Archivierter Artikel vom 10.12.2019, 12:16 Uhr
Niederbieber-Segendorf

CDU veranstaltete Familienabend

Wie gefährlich der Einsatz in der Sahelzone ist, wo kürzlich 16 französische Soldaten beim Absturz zweier Militärhubschrauber während eines Kampfeinsatzes gegen Dschihadisten in Mali ums Leben kamen, wussten die Zuhörer.

Über seinen Einsatz in der Sahel-Zone berichtete Hauptfeldwebel Michael Cremer beim Familienabend der CDU.
Über seinen Einsatz in der Sahel-Zone berichtete Hauptfeldwebel Michael Cremer beim Familienabend der CDU.
Foto: Gerhard Neumann

Was Stabsfeldwebel Michael Cremer beim Familienabend des CDU Ortsverbandes Niederbieber-Segendorf mit Torney, Rodenbach und Altwied in Wort und Bild zu berichten wusste, betraf eher den Alltag und war aber nicht minder interessant.

Cremer war am Standort Niamy, der Hauptstadt des Nachbarlandes Niger, im Rahmen der UN- und EU-Stabilisierungsmission Mali, stationiert und gehörte zur Medical Crew auf der medizinischen Transall und darüber hinaus assistierte er dem Fliegerarzt bei der Betreuung und Versorgung der Piloten. Tagsüber wurden die Arbeiten bei bis zu 48 Grad verrichtet, während die Nacht etwas Abkühlung auf 29 Grad brachte. Über das Essen konnte Michael Cremer nicht klagen. “Unsere Truppenküche wurde von französischen Soldaten geführt, das spricht für sich“, so Cremer.
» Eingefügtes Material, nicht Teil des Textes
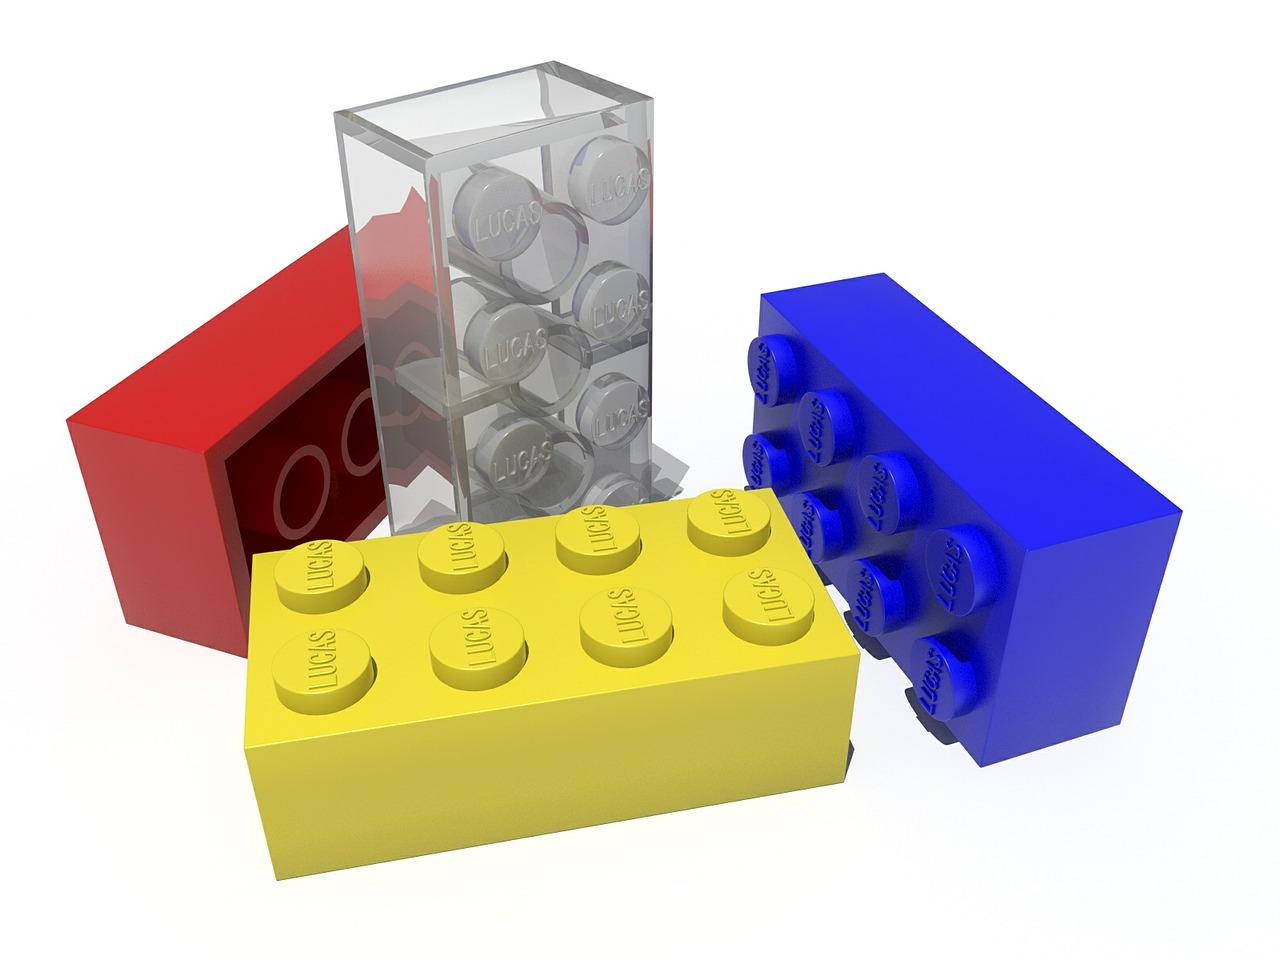 lego-615239_1280.jpg

Als Privatsphäre diente ein 80 Zentimeter breites Feldbett unter einem Moskitoschirm. „Das war gewöhnungsbedürftig“, erläuterte der Stabsfeldwebel, der derzeit in Büschel auf „Heimaturlaub“ ist und auf seinen nächsten Einsatz in Afghanistan wartet.
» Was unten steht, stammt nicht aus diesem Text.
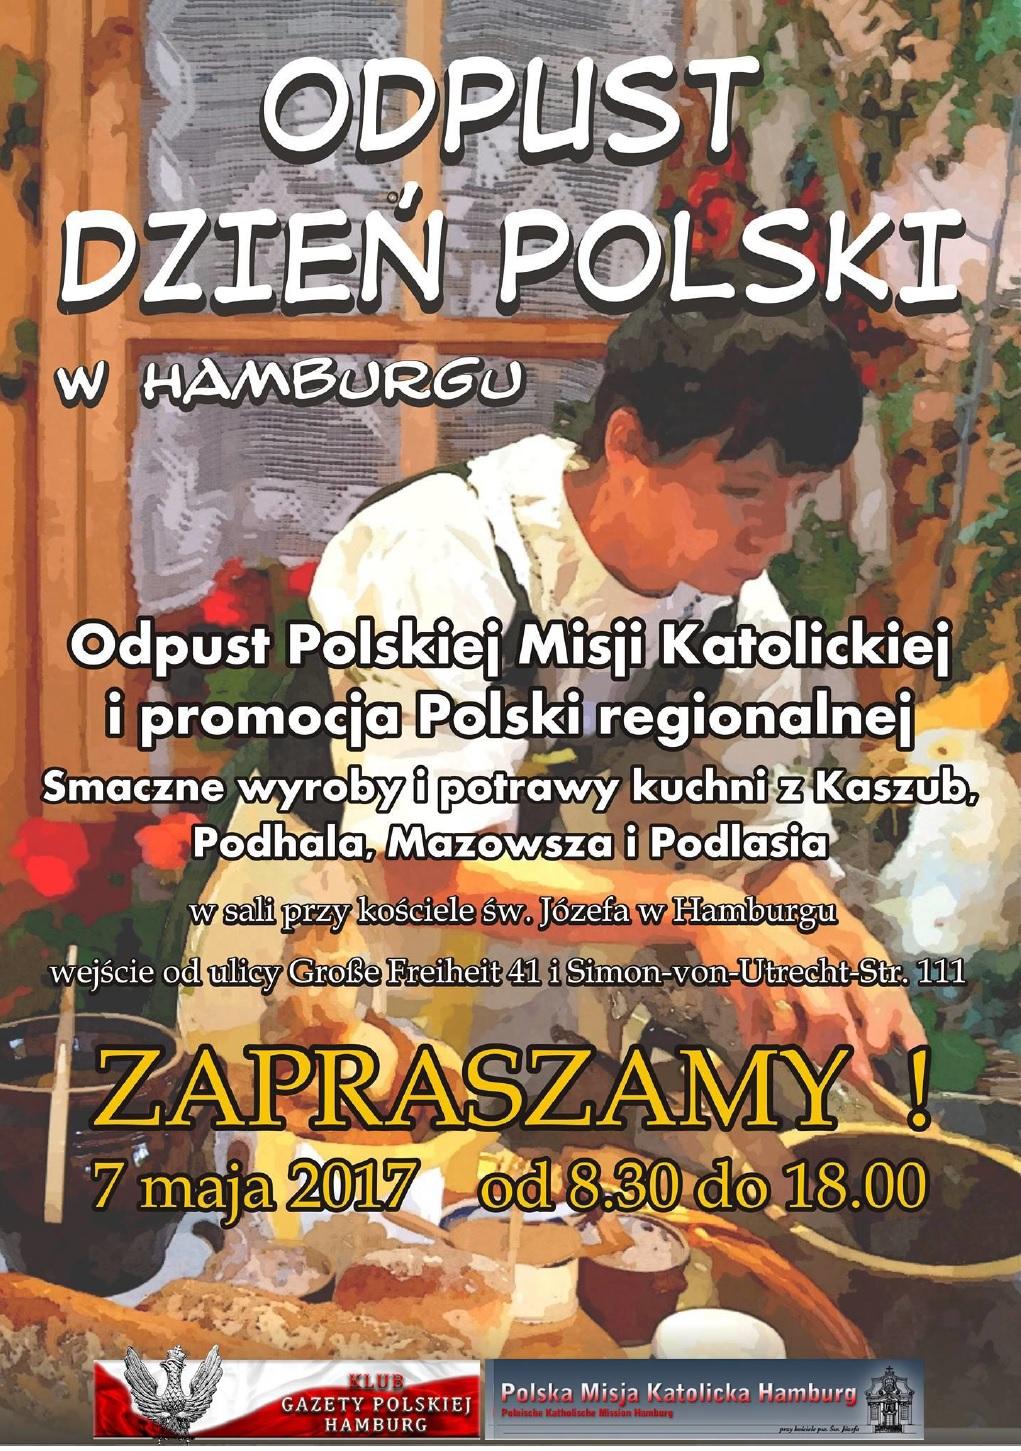 Hamburg dzien polski 2017

Vorsitzender Wolfgang Hardt bedankte sich im Namen der zahlreichen erschienen Gäste für die aufschlussreichen Ausführungen und die zugehörigen Fotos. Den Abschluss des Familienabends bildete eine Tombola, bei der zur Freude des Kassenwartes Stefan Busch rege Gebrauch gemacht wurde.